Evidence is a continuous variable - things can be weak evidence, strong evidence... There's a whole spectrum. I just take issue with statements like "X is zero evidence of Y" because often you can do a lot better than that with the information at hand.
So, just because a human can't do something, or struggles to do it, doesn't mean that the task requires a huge IQ or generality - it may just require a lot of compute/memory, such as DeepBlue playing chess.
In the case in point of these ARC puzzles, they are easy for a human, so "absense of evidence" doesn't even apply, and it's worth noting that one could also brute force solve them by trying all applicable solution techniques (as indicated by the examples and challenge description) in combinatorial fashion, or just (as Chollet notes) generate a massive training set and train an LLM on it, and solve them via recall rather than active inference, which again proves nothing about AGI.

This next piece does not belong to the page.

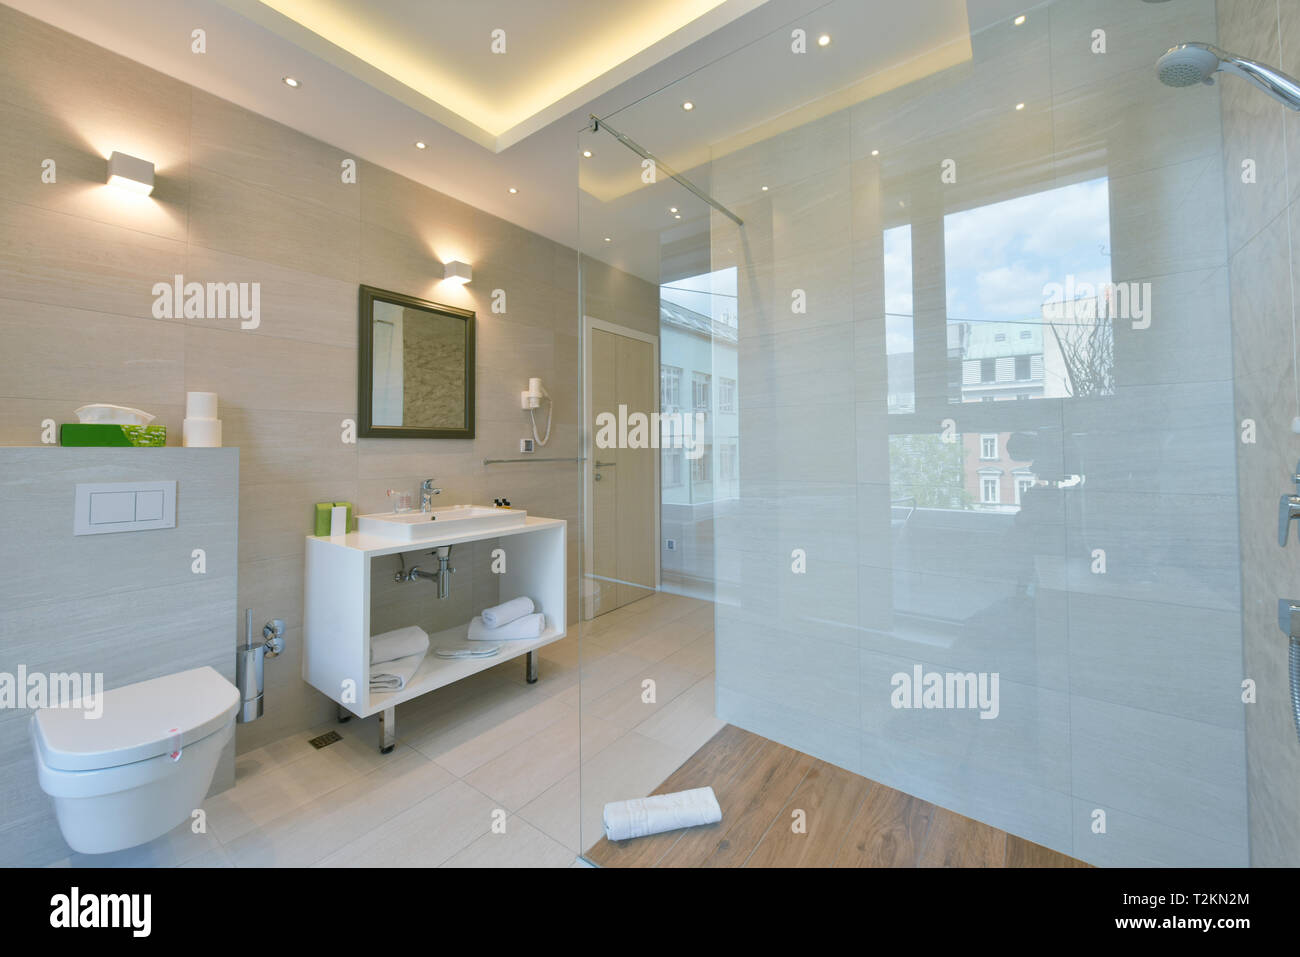 Bagni Di Lusso Moderni bagno minimalista in hotel moderno con dettagli di lusso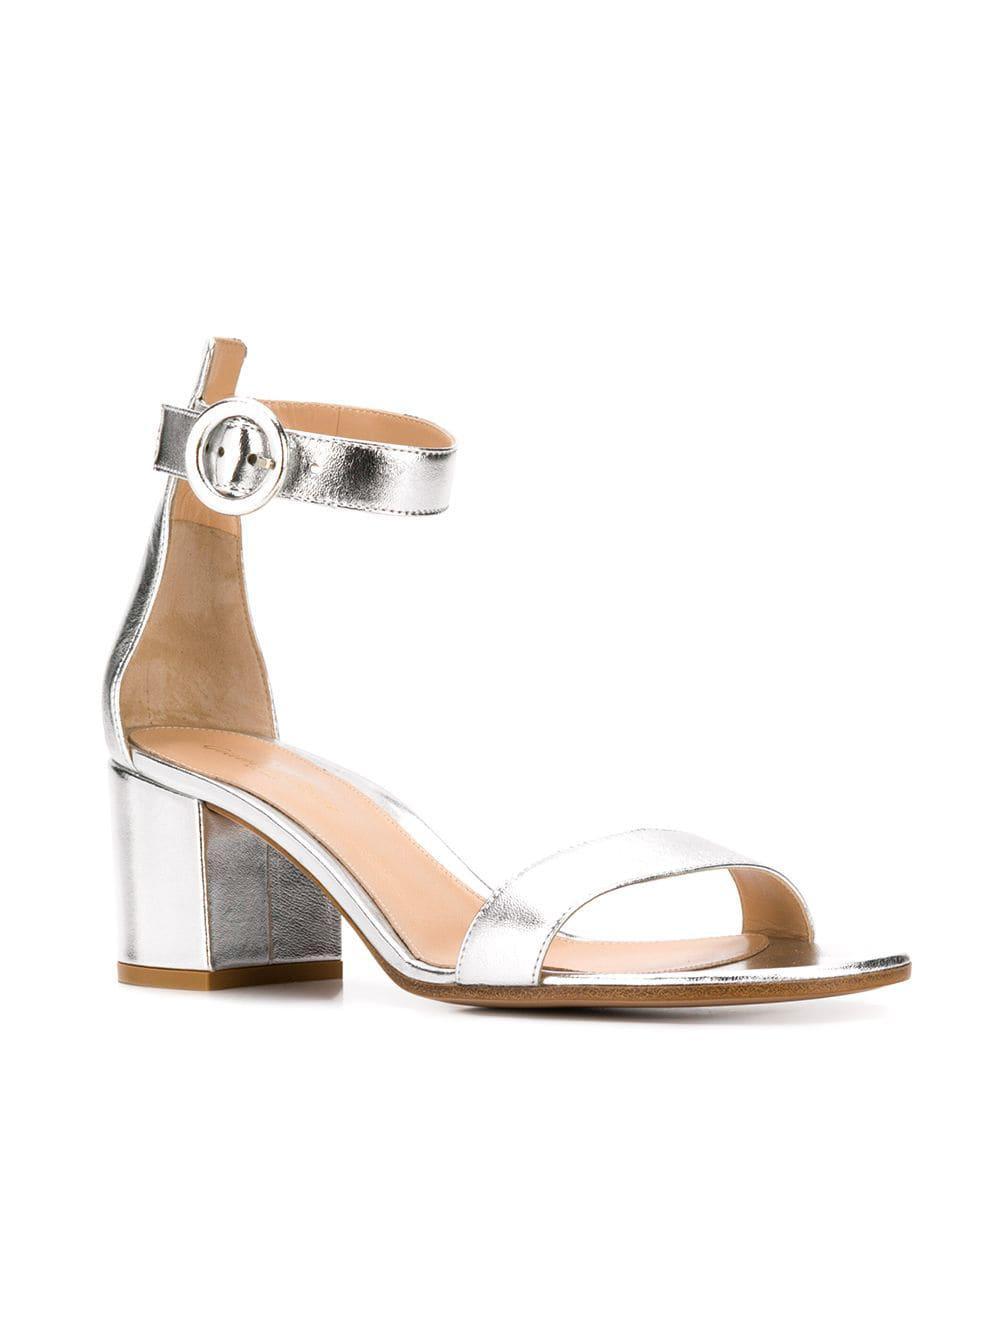 05e2d612deca Lyst - Gianvito Rossi Versilla 50 Silver Leather Sandals in Metallic

The point of the ARC challenge is to encourage advances in active inference (i.e. reasoning/problem solving), which is what LLMs lack. It's HOW you solve them that matters if you want to show general intelligence. Even in the realm of static inference, which is what they are built for, LLMs are really closer to DeepBlue than something intelligent - they brute force extract the training set rules using gradient descent. The interesting thing is that they have any learning ability at all (in-context learning) at inference time, but it's clearly no match for a human and they are also architecturally missing all the machinery such as working memory and looping/iteration to perform any meaningful try/fail/backtrack/try-again (while learning the whole time) active inference.
It'll be interesting to see to what extent pre-trained transformers can be combined with other components (maybe some sort of DeepBlue/AlphaGo MCTS?) to get closer towards human-level problem solving ability, but IMO it's really the wrong architecture. We need to stop using gradient descent and find a learning algorithm that can be used at inference time too.
But in general I agree about active inference. Clearly there is something missing there.
Doing alpha-go style MCTS would be interesting but how would you approach training the policy and value net? It's not like we can take snapshots of people's thought processes as they read text in the same way you can perform arbitrary rollouts of your game engine.